Despite being able to play, relax and even defecate in comfort, Fischer has been unable to recapture consistently the form of his past, and this is very worrying to the organisers. For since the match began, the lesson has been that whenever Fischer loses he wants something changed.

After winning the first game, he slipped to 2-1 behind and demanded a glass screen, to cut out the noise from spectators, and the exclusion of journalists who did not call him the world champion. The organisers provided the screen and extra curtains to keep the noise down and moved the spectators back another five metres from Fischer's original 15-metre limit. They then added another huge sign saying 'World Chess Championship' three more times.

Fischer also donned a green visor. 'You keep a little more privacy for your eyes,' he explained, 'so your opponent can't see what you're looking at.'

After losing the opening game in Belgrade last Wednesday, Fischer had the lights turned out over the spectators in the auditorium, so that he could no longer be distracted by seeing them.

Are Fischer's demands more than mere eccentricity? Dr David Veale, a consultant psychiatrist at Groveland Hospital in north London, compares Fischer's 20-year absence from competition with the reclusiveness of Howard Hughes. Both cases show the symptoms of obsessive-compulsive personality: meticulousness, conscientiousness and rigidity. Hughes locked himself away through fears of contamination; Fischer, perhaps, through a different set of fears.

However, says Dr Veale, we must distinguish between an obsessive-compulsive personality and obsessive-compulsive illness: 'Being obsessional is something you can use to good advantage in an area where meticulous checking is important.'

An equally relevant difference exists between paranoid illness and a paranoid personality.
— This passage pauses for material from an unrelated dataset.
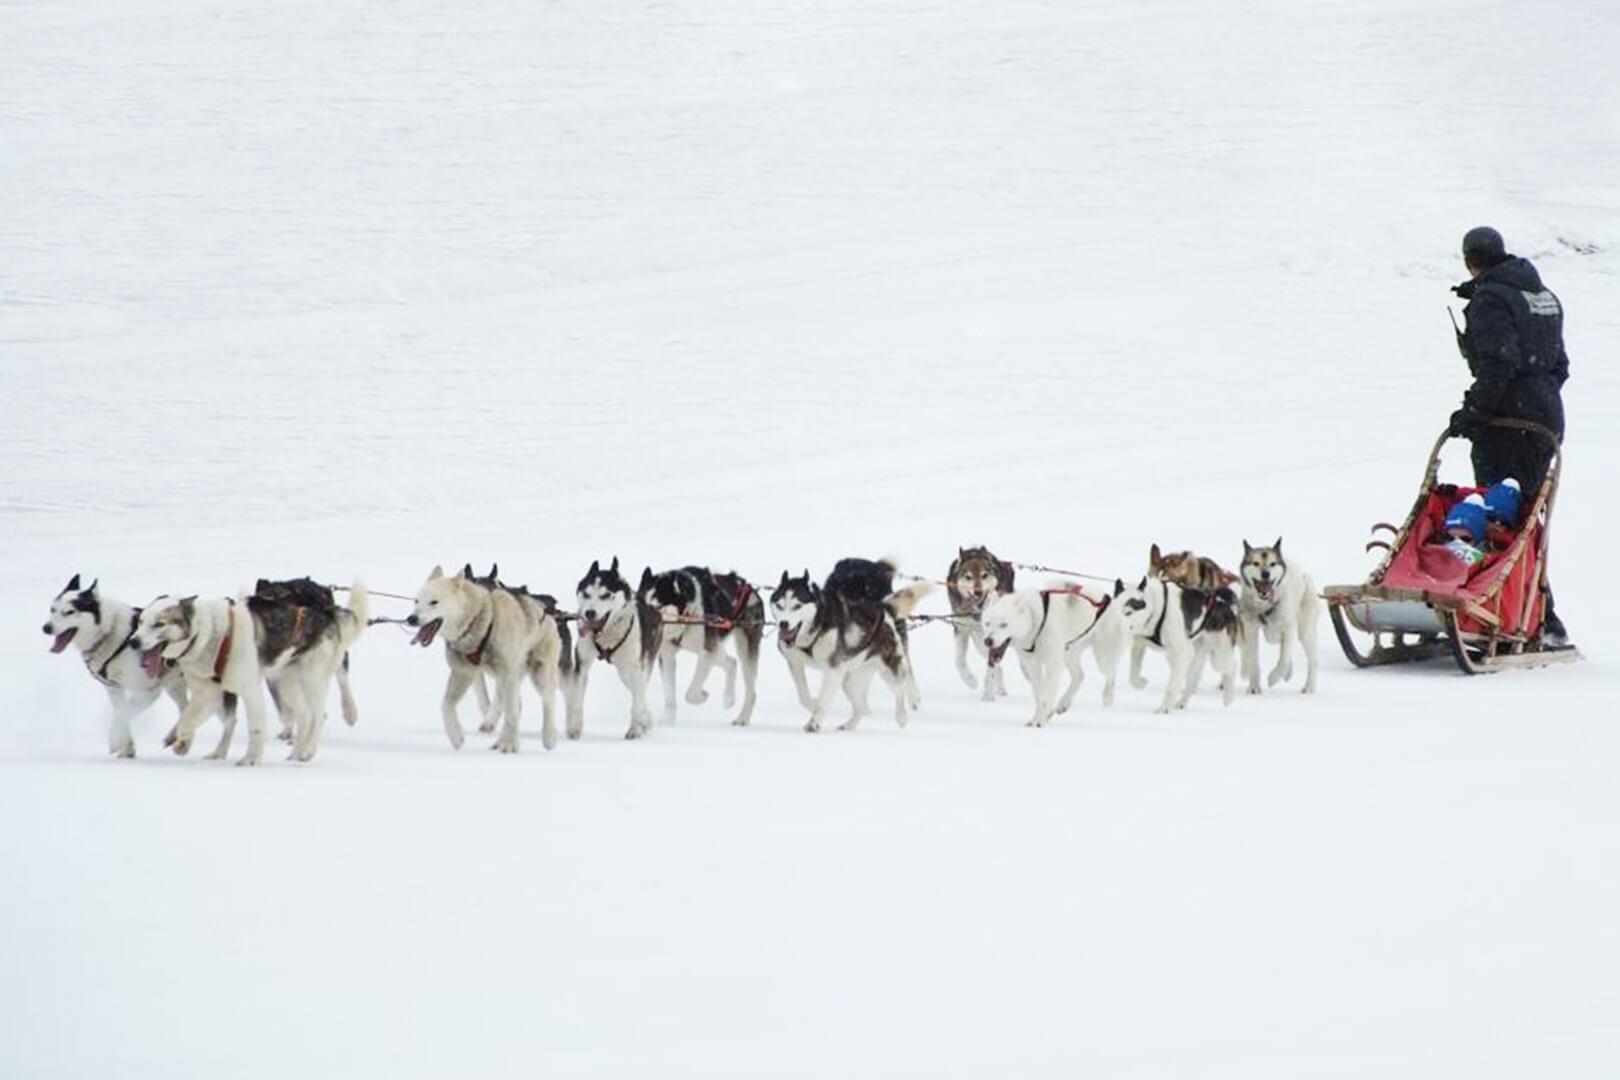 bambini sulle slitte trainate dai cani in Valetllina

And it has often been said that, on the chessboard, a healthy paranoia is a positive benefit: if you don't believe that your opponent is out to get you, you are doomed.

In either case, paranoia or obsessiveness, illness, according to Dr Veale, is usually only a discreet episode which may be treated. The personality disorder, however, can last all your life.

For all Fischer's curious demands, he is still loved by the Yugoslavs. President Milan Panic has compared him to Mozart; the match director, Janos Kubat, has compared his comeback to the Second Coming of Christ.

Boris Spassky, however, must be wondering whether a guaranteed purse of dollars 1.65m is enough reward for his stoic acceptance of all Fischer's conditions. Spassky himself has made one single request: that a urologist be added to the medical team when he had kidney problems. His request was turned down.